Гарт поцеловал Сабрину и ощутил на губах ее слезы. Но ее тело оставалось напряженным, словно она отогнала прочь всякую возможность желания. Гарт отошел. Теперь у них было время. Пока Сабрина находилась здесь, у них было время. Ее неудача и отчаяние в Лондоне были столь ужасны, ее одиночество после смерти сестры так мучило. Гарт почувствовал, что ей требуется его вмешательство в процесс лечения, поддерживающее, но не управляющее.

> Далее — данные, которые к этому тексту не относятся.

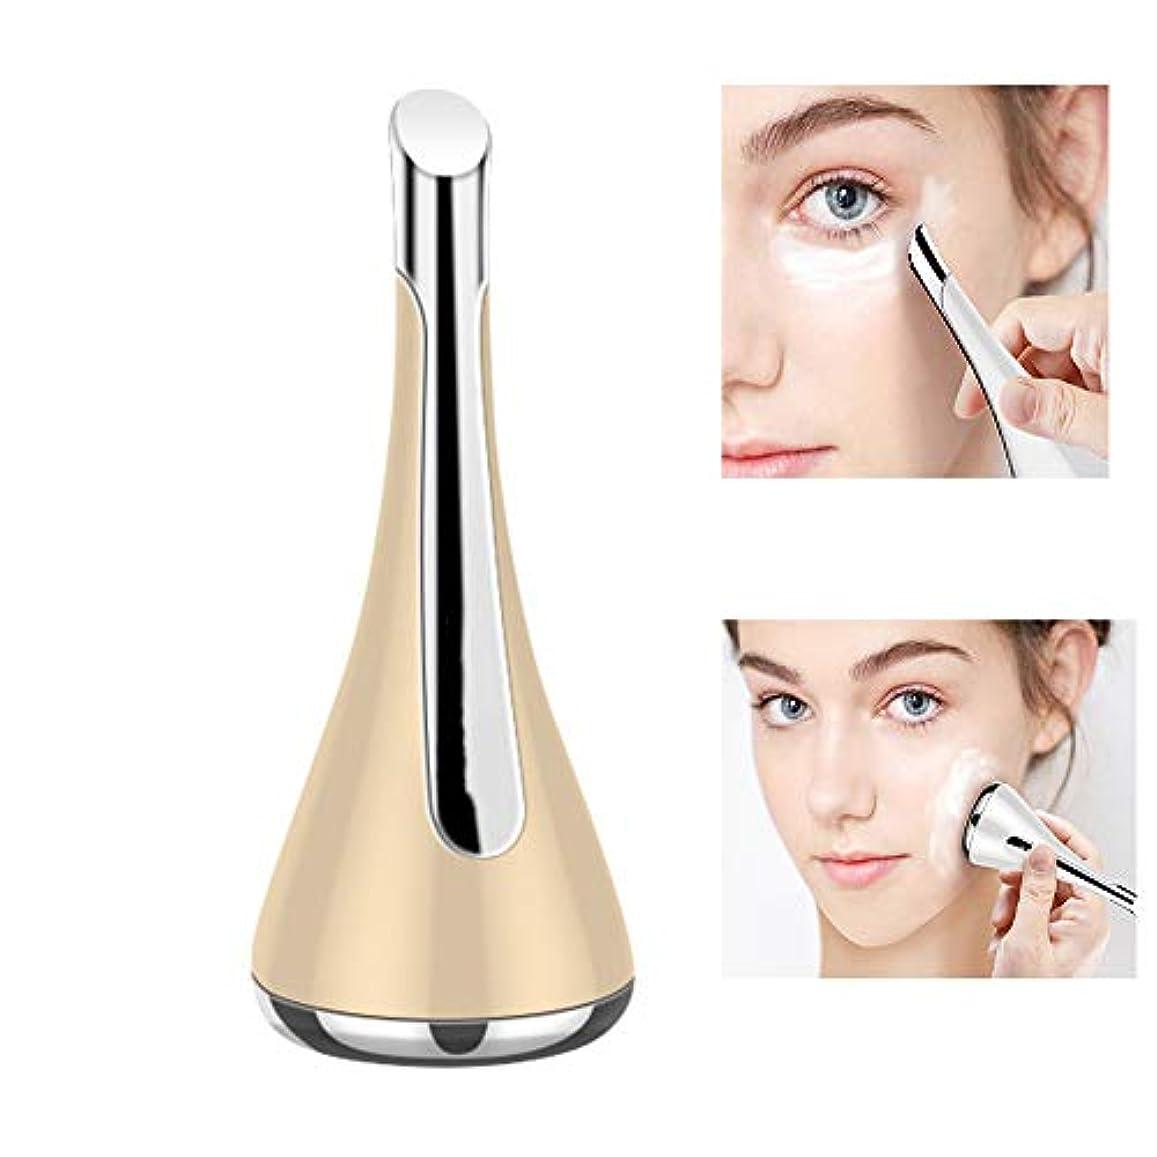 触覚歌母性顔と目に明るい肌を導入するためのデュアルプローブ磁気導入器,金

Но сейчас он решил убедиться окончательно и взял руки Сабрины в свои.

— Ты остаешься? Каковы бы ни были причины твоего желания уехать, я не должен думать каждое утро, найду ли тебя здесь в конце дня.

— Я помогу тебе, — пообещала она.

— Я спрашивал не об этом.

— Гарт, мы не можем оставить это на время? Так много случилось за такой короткий срок… Я пытаюсь всем угодить.

— Ты не можешь одна принимать подобные решения. Дело касается нас всех.

Сабрина наклонила голову. Гарт начал что-то говорить, затем умолк. В тишине она почувствовала, как он повернул ее руку. Левую.

— Ты не носишь свое кольцо? Мороз пробежал по коже Сабрины.

— Нет.

— Где оно? Она заколебалась между правдой и ложью.

— В Лондоне.

— Проклятье! Кто ты такая, чтобы принимать все решения в одиночку? Решаешь, что тебе больше не нужна семья, и снимаешь кольцо, чтобы все выглядело официально? И потом тебе остается только быстренько попрощаться?

Сабрина почувствовала облегчение и вину одновременно. «Один лжет другому, — подумала она. — Но это лучше, чем, правда». Она вернула кольцо Стефании.

— Я думала, оно будет…

— Символом, — подсказал Гарт. — Так и есть. Но так случилось, что я верю в символы. Где оно?

— Полагаю… в доме на Кэдоган-сквер.

— Тогда миссис Тиркелл пришлет его.

— Если сможет найти.

— Напиши ей.

— Хорошо.

— А если она не найдет, мы купим новое. «Я не задержусь здесь надолго».

— И я прошу тебя, Стефания… Ты слышишь меня? Сабрина кивнула.

— Я прошу дать мне возможность помочь тебе, пока ты будешь помогать мне. Черт побери, мы часть друг друга и поможем друг другу. Согласна?

— Согласна, — ответила она, желая, чтобы он смог, но, зная, что он ничем помочь не сможет. Сабрина взяла письмо.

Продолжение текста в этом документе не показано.